Transferable Trick: Building an experience prior \(E\) via random probe calls (latency/token/success) is a lightweight method for "tool profiling" applicable to any MAS framework requiring cost-effective selection.

Limitations & Future Work¶

Reliance on LLM judges: Metrics like Rel/Acc/Win Rate depend on models like Qwen3-Max, which may introduce bias.
Benchmark scale: SciVBench is relatively small (211 videos, 500 QA).
Efficiency overhead: Multi-agent orchestration and multi-round PDSA imply significant time and token costs compared to single MLLM calls.
Future directions: Integrating multi-model voting or human verification, expanding benchmark coverage, and performing logic/weight sensitivity analyses.

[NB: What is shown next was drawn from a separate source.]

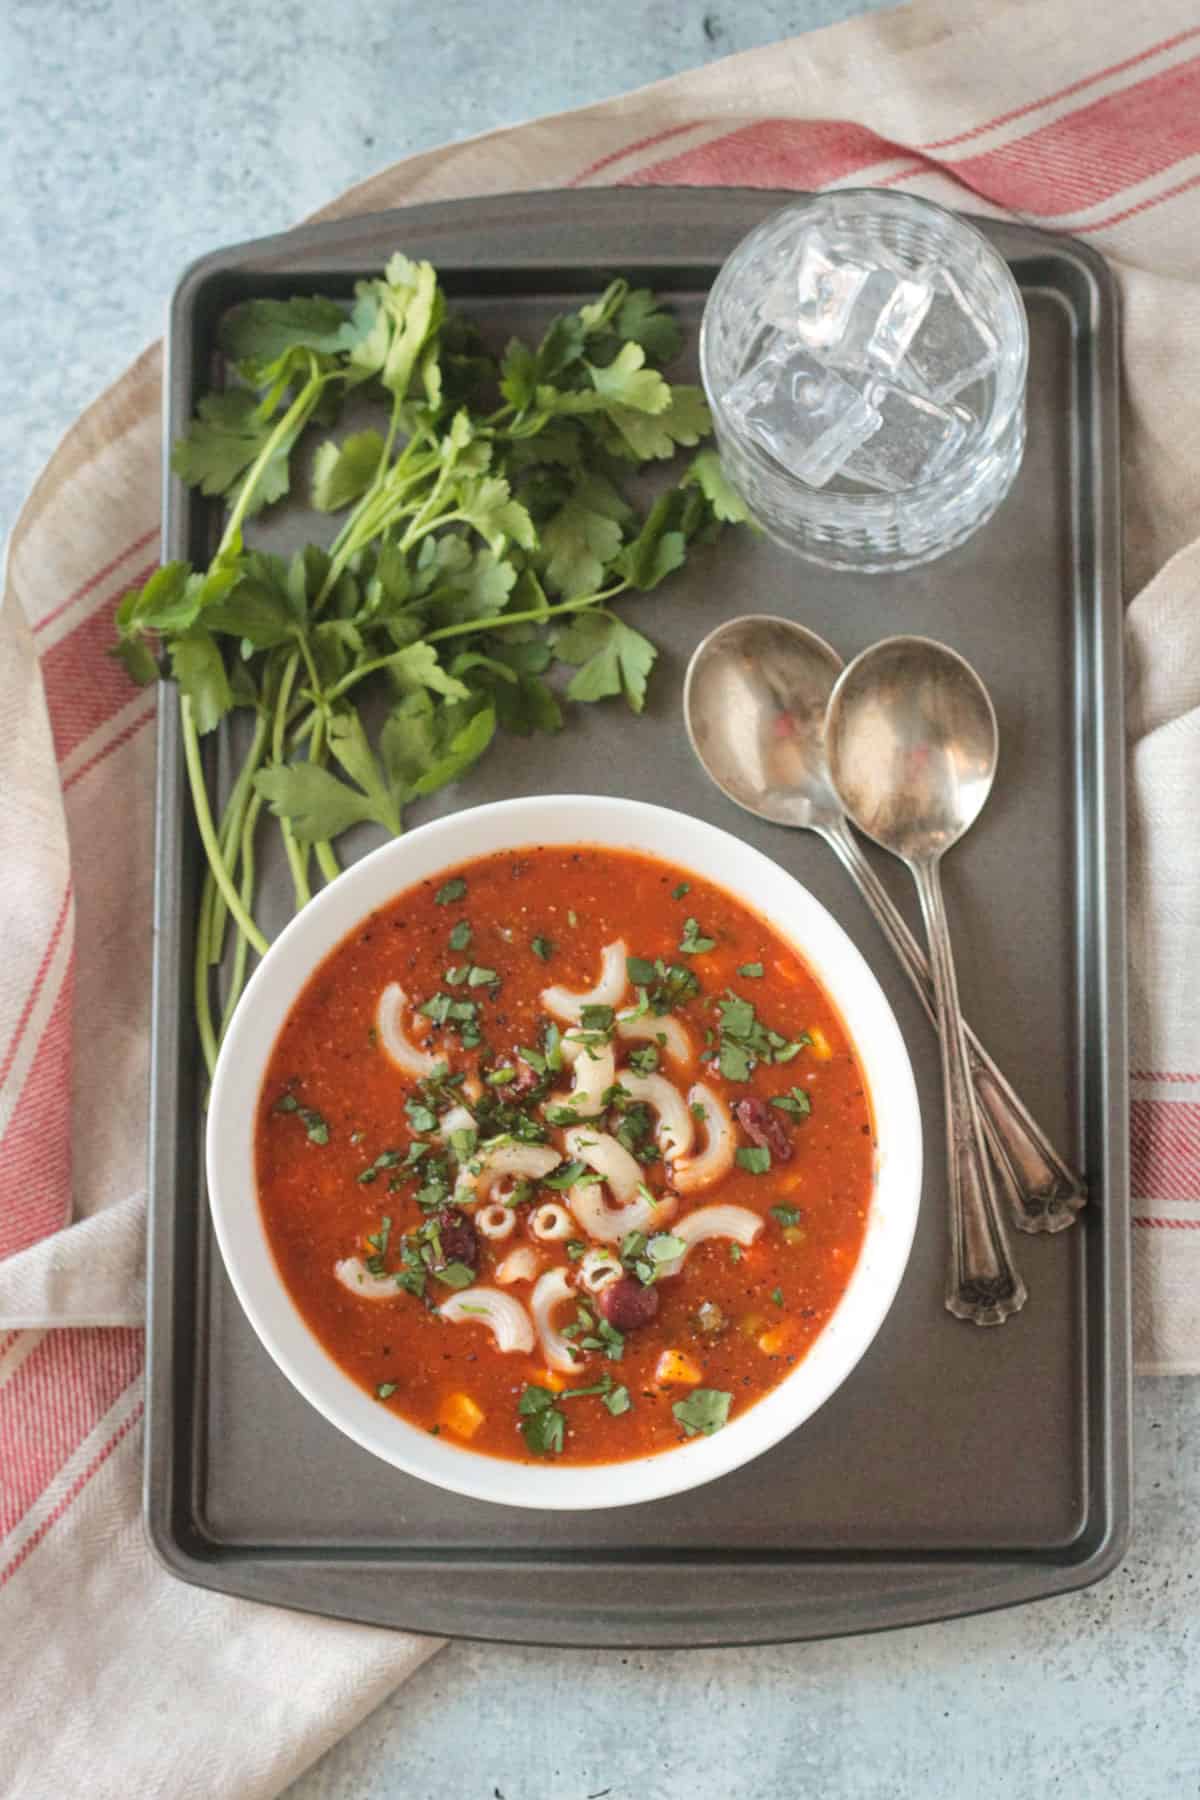 Bowl of soup on a tray with two spoons, glass of water, and bunch of fresh parsley.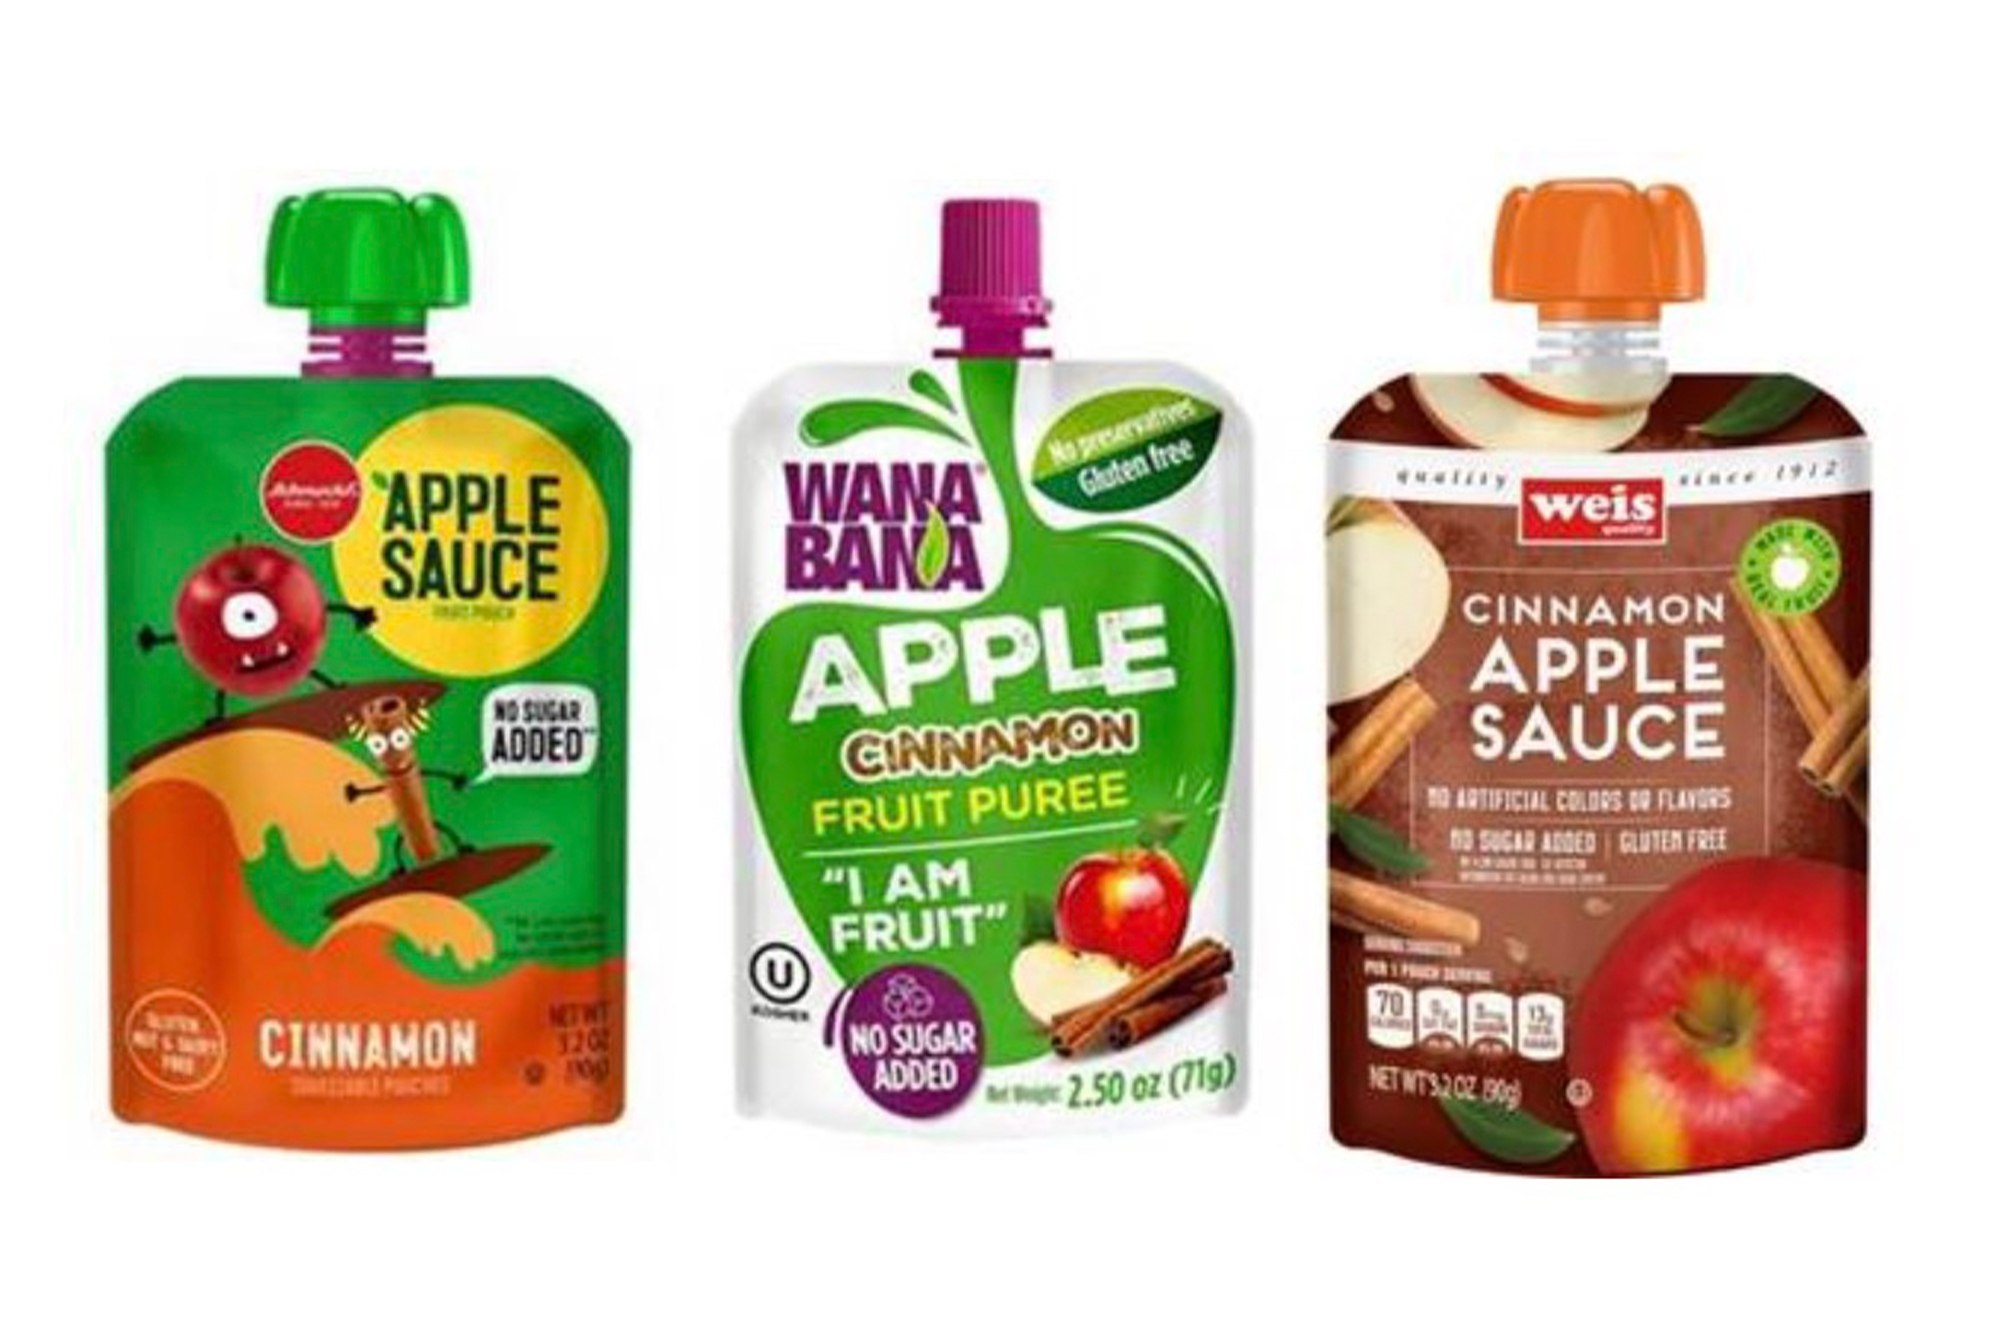 The tainted products in question: WanaBana, Schnucks, and Weis brand cinnamon applesauce pouches.

vs. General MLLMs: They lack external tool integration and step-by-step correction. Ours uses a closed loop to incorporate knowledge and reviews, achieving 26–30% higher accuracy.
vs. Existing VideoAgents: Current MAS often use linear pipelines or one-time planning. Ours excels by introducing failure attribution and knowledge back-injection in the Study/Act stages.
vs. Auto-coding/Task Agents: While those show potential, they suffer from hallucinations. SciEducator's contribution is a systematic self-optimization mechanism that explicitly encodes "continuous improvement" into the workflow.

Rating¶

Novelty: ⭐⭐⭐⭐⭐ PDSA × MAS self-evolution is a unique interdisciplinary entry point.
Experimental Thoroughness: ⭐⭐⭐⭐ Strong main experiments and ablations, though the benchmark scale is modest and relies on LLM judging.
Writing Quality: ⭐⭐⭐⭐ Clear methodology and PDSA mapping; solid formalization.
Value: ⭐⭐⭐⭐ Scientific understanding + education is a meaningful direction with a highly transferable self-evolution design.